We can see that, although the correlation of both projections is quite high, some patterns can be refined by considering both projections.


Exercise 4: construct a similar ensemble but using different SVORIM projections with different subsets of input variables (a 40% of randomly chosen variables). The number of members of the ensemble should be as a parameter (try 50).
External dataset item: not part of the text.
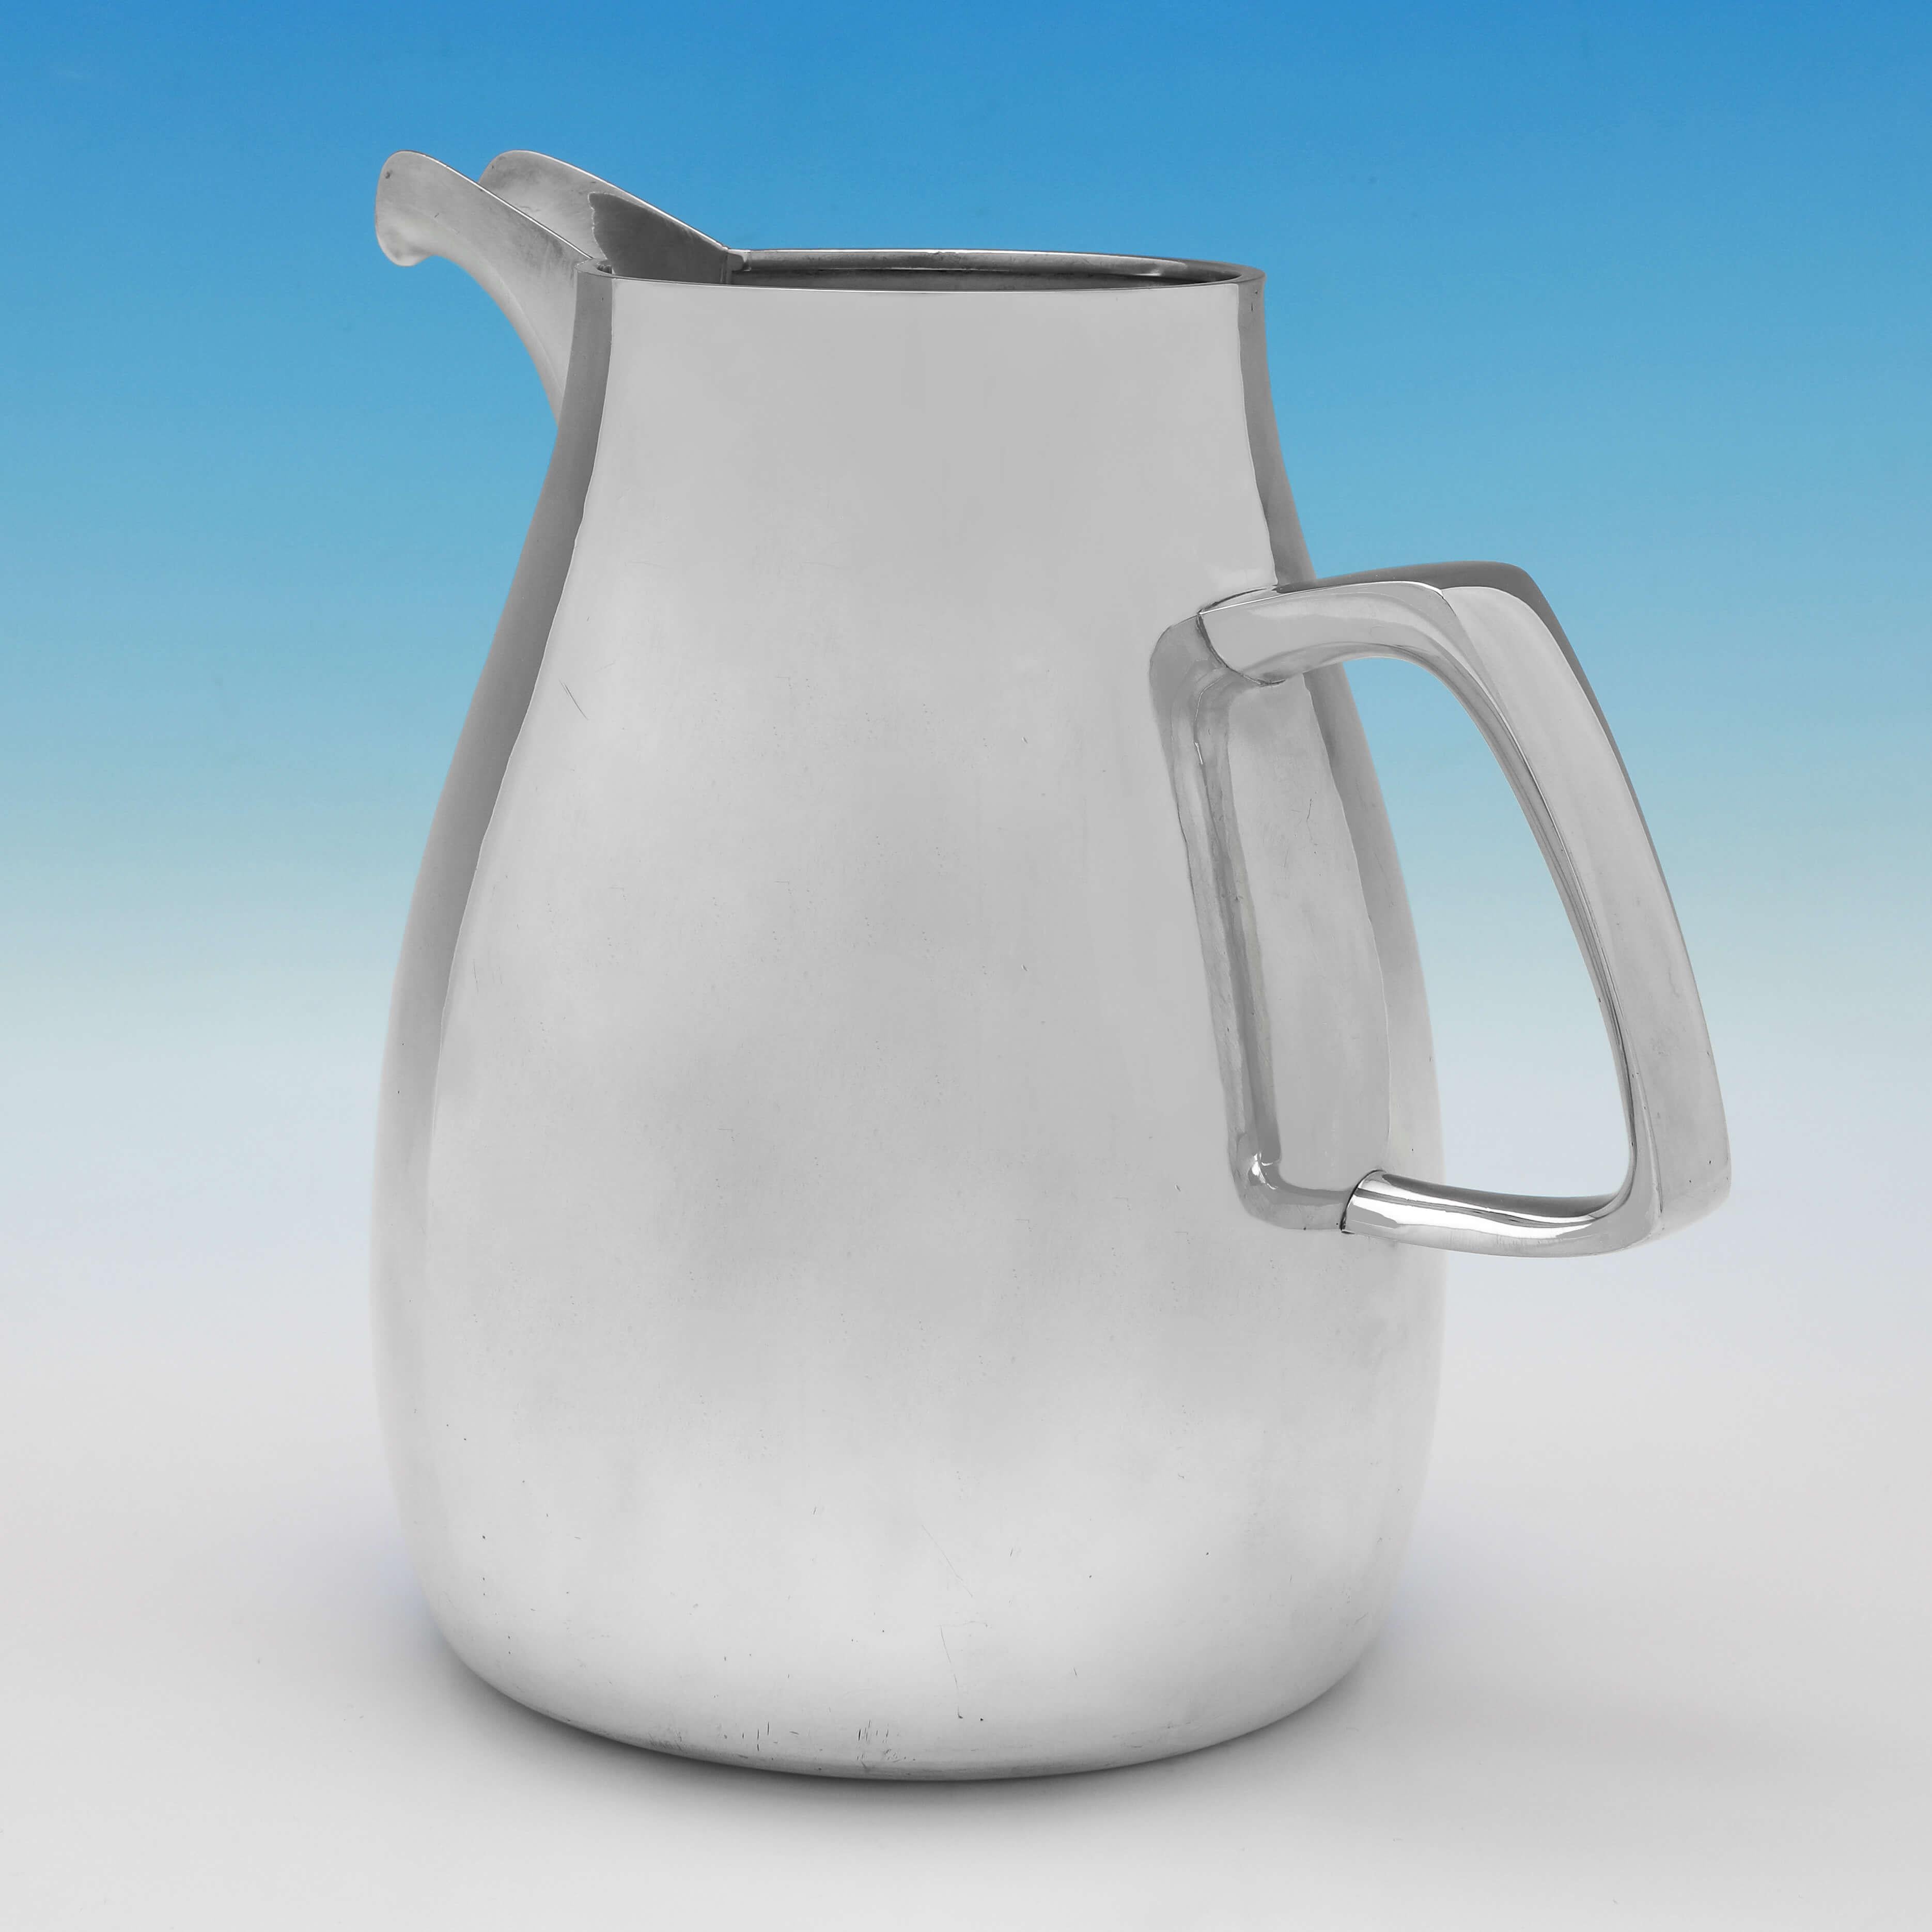 Hallmarked in London in 1965 by Gerald Benney, this handsome, Sterling Silver Beer Jug or Water Jug, is plain in style, with an angular handle. 

The jug measures 9

Exercise 5: construct a similar ensemble but using different SVORIM projections with different parameters for the C value.


References

  1. P. McCullagh, “Regression models for ordinal data”, Journal of the Royal Statistical Society. Series B (Methodological), vol. 42, no. 2, pp. 109–142, 1980.
  2. M. J. Mathieson, “Ordinal models for neural networks”, in Proc. 3rd Int. Conf. Neural Netw. Capital Markets, 1996, pp. 523-536.
  3. W. Chu and S. S. Keerthi, “Support Vector Ordinal Regression”, Neural Computation, vol. 19, no. 3, pp. 792–815, 2007. http://10.1162/neco.2007.19.3.792
  4. H.-T. Lin and L. Li, “Reduction from cost-sensitive ordinal ranking to weighted binary classification” Neural Computation, vol. 24, no. 5, pp. 1329-1367, 2012. http://10.1162/NECO_a_00265
  5. B.-Y. Sun, J. Li, D. D. Wu, X.-M. Zhang, and W.-B. Li, “Kernel discriminant learning for ordinal regression”, IEEE Transactions on Knowledge and Data Engineering, vol. 22, no. 6, pp. 906-910, 2010. https://doi.org/10.1109/TKDE.2009.170
  6. H.-T. Lin and L. Li, “Large-margin thresholded ensembles for ordinal regression: Theory and practice”, in Proc. of the 17th Algorithmic Learning Theory International Conference, ser. Lecture Notes in Artificial Intelligence (LNAI), J. L. Balcazar, P. M. Long, and F. Stephan, Eds., vol. 4264. Springer-Verlag, October 2006, pp. 319-333.